Re: decoupling table and index vacuum - Mailing list pgsql-hackers

From Peter Geoghegan
Subject Re: decoupling table and index vacuum
Date
Msg-id CAH2-WzmfwcsUim032V4DQVdDJ4tdH1_HXTSfWoFhPKaR-kHJKg@mail.gmail.com
Whole thread Raw
In response to Re: decoupling table and index vacuum  (Robert Haas <robertmhaas@gmail.com>)
List pgsql-hackers
On Thu, Feb 10, 2022 at 11:14 AM Robert Haas <robertmhaas@gmail.com> wrote:
> Hmm. I think you're vastly overestimating the extent to which it's
> possible to spread out and reschedule the work. I don't know which of
> us is wrong. From my point of view, if VACUUM is going to do a full
> phase 1 heap pass and a full phase 2 heap pass on either side of
> whatever index work it does, there is no way that things are going to
> get that much more dynamic than they are today.
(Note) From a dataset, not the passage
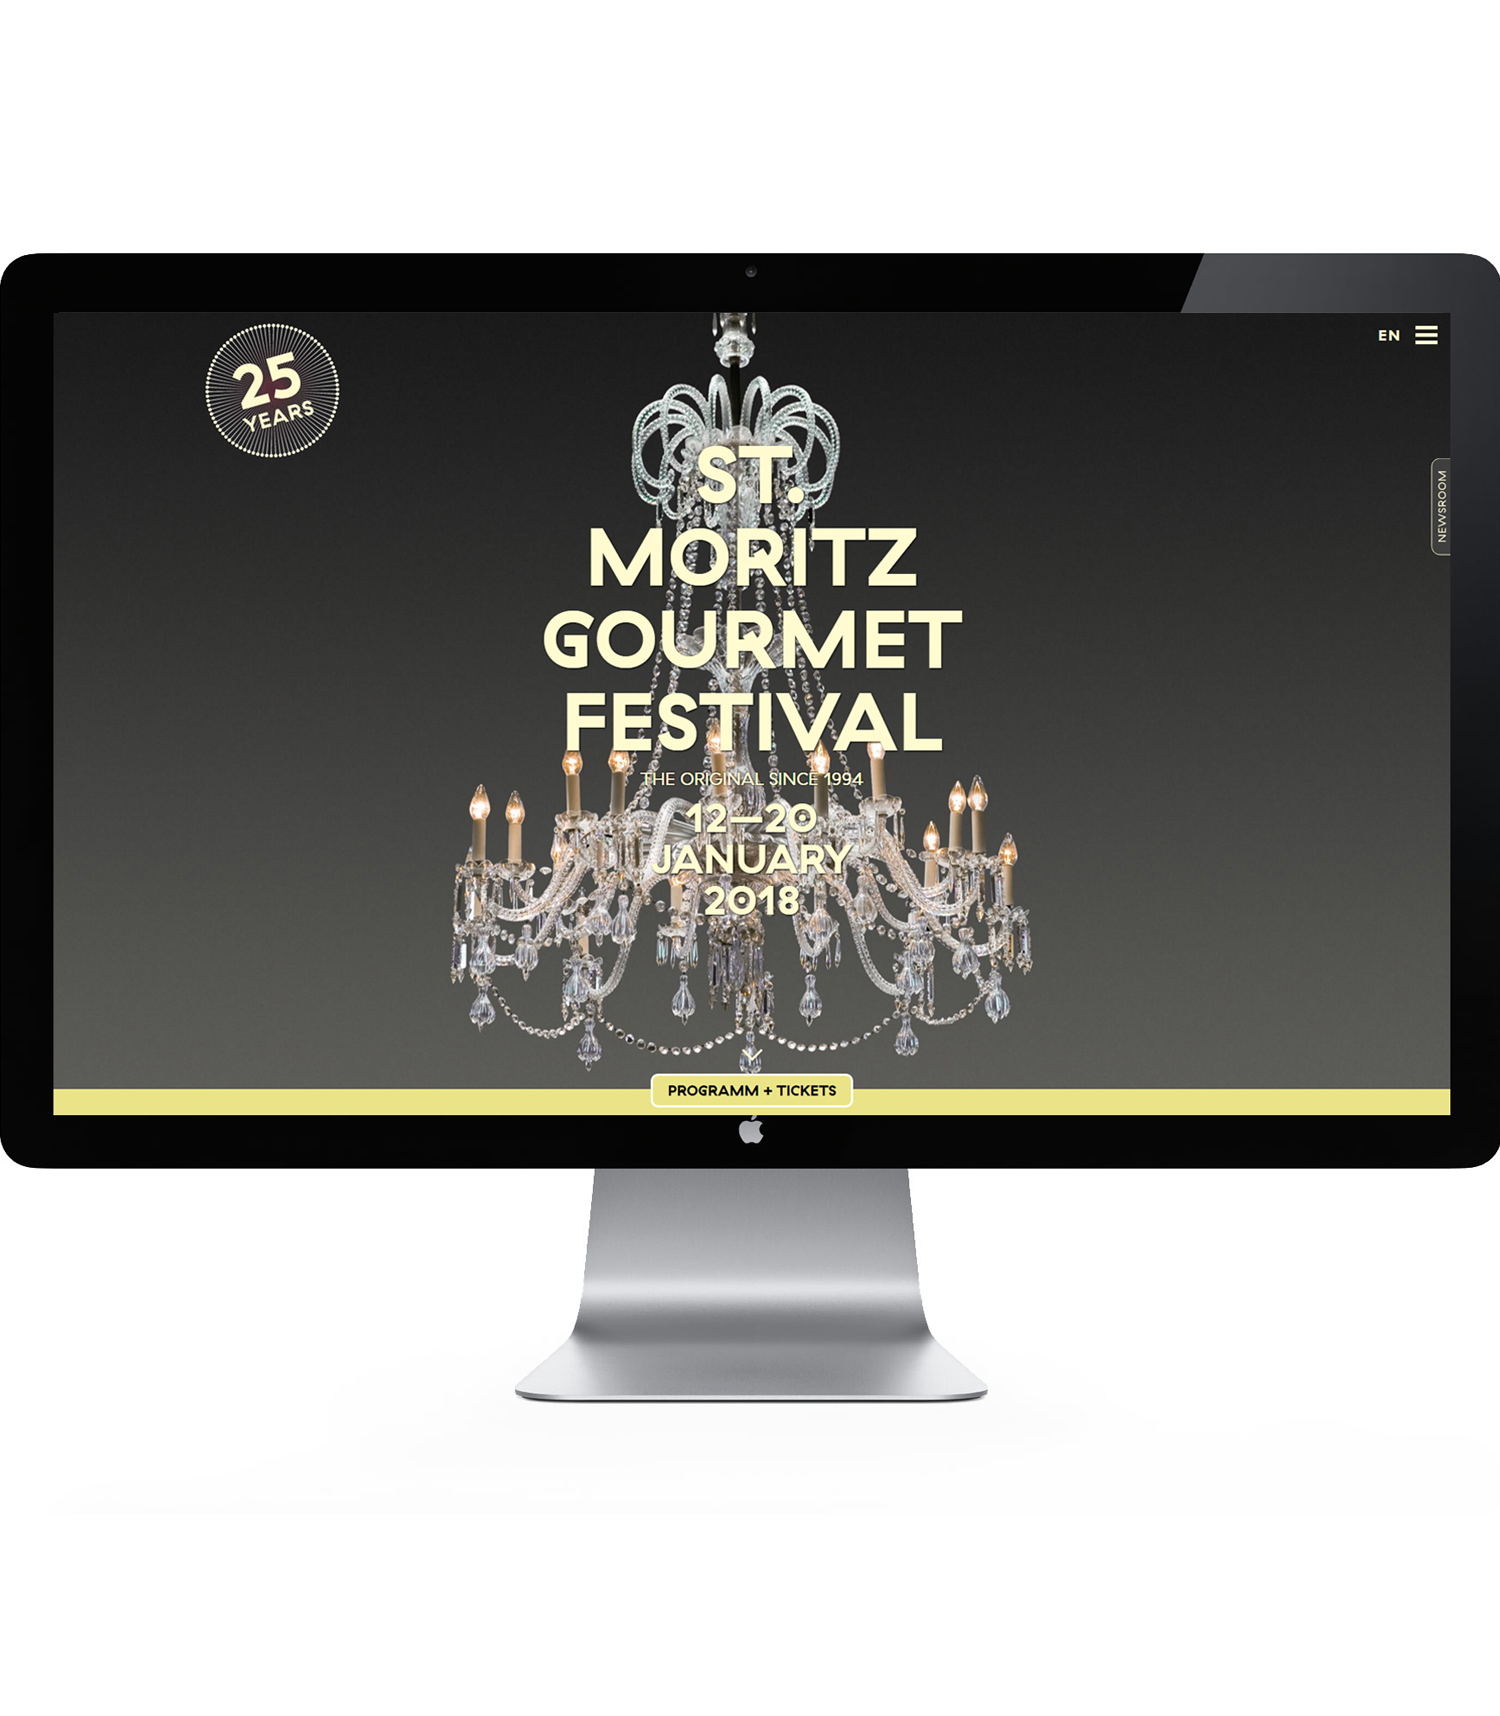 St. Moritz Gourmet Festival - Neues CI/CD, neue Website

Waiting to vacuum each index allows us to wait until the next VACUUM
operation on the table, giving us more TIDs to remove when we do go to
vacuum one of these large indexes. Making decisions dynamically seems
very promising because it gives us the most flexibility. In principle
the workload might not allow for any of that, but in practice I think
that it will.

> I don't understand what your point is in these two paragraphs. I'm
> just arguing that, if a raw dead tuple count is meaningless because a
> lot of them are going to disappear harmlessly with or without vacuum,
> it's reasonable to try to get around that problem by counting the
> subset of dead tuples where that isn't true. I agree that it's unclear
> how to do that, but that doesn't mean that it can't be done.
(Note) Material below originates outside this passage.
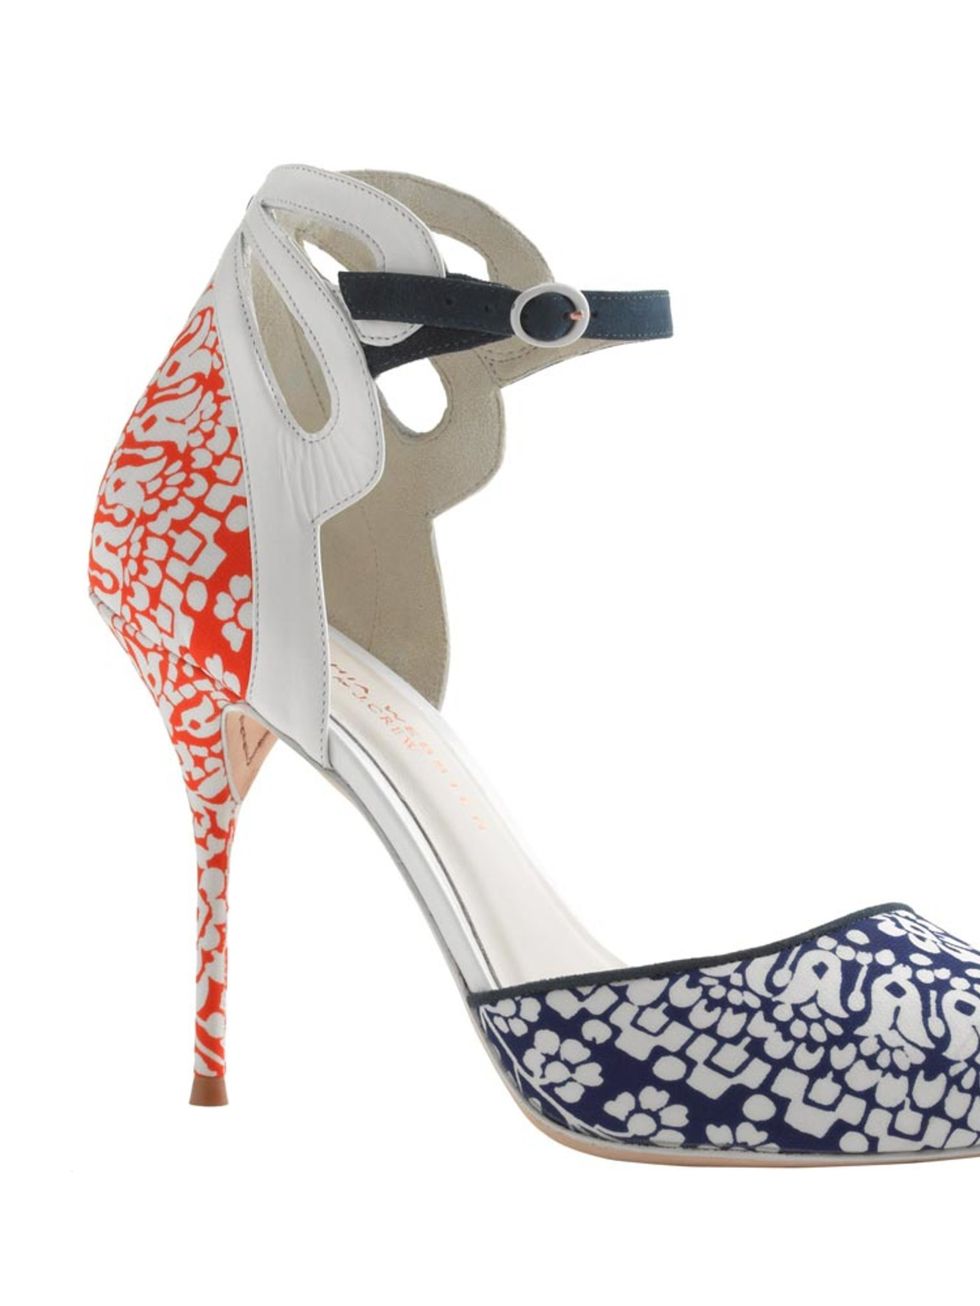 High heels, Sandal, Basic pump, Foot, Bridal shoe, Beige, Court shoe, Dancing shoe, Slingback, Fashion design,

VACUUM is a participant in the system -- it sees how physical
relations are affected by the workload, but it also sees how physical
relations are affected by previous VACUUM operations. If it goes to
VACUUM an index on the basis of a relatively small difference (that
might just be noise), and does so systematically and consistently,
that might have unintended consequences. In particular, we might do
the wrong thing, again and again, because we're overinterpreting noise
again and again.

> I have the same concern about this as what I mentioned before: it's
> purely retrospective. Therefore in my mind it's a very reasonable
> choice for a backstop, but not a somewhat unsatisfying choice for a
> primary mechanism.

I'm not saying that it's impossible or even unreasonable to do
something based on the current or anticipated state of the index,
exactly. Just that you have to be realistic about how accurate that
model is going to be in practice. In practice it'll be quite noisy,
and that must be accounted for. For example, we could deliberately
coarsen the information, so that only relatively large differences in
apparent-bloatedness are visible to the model.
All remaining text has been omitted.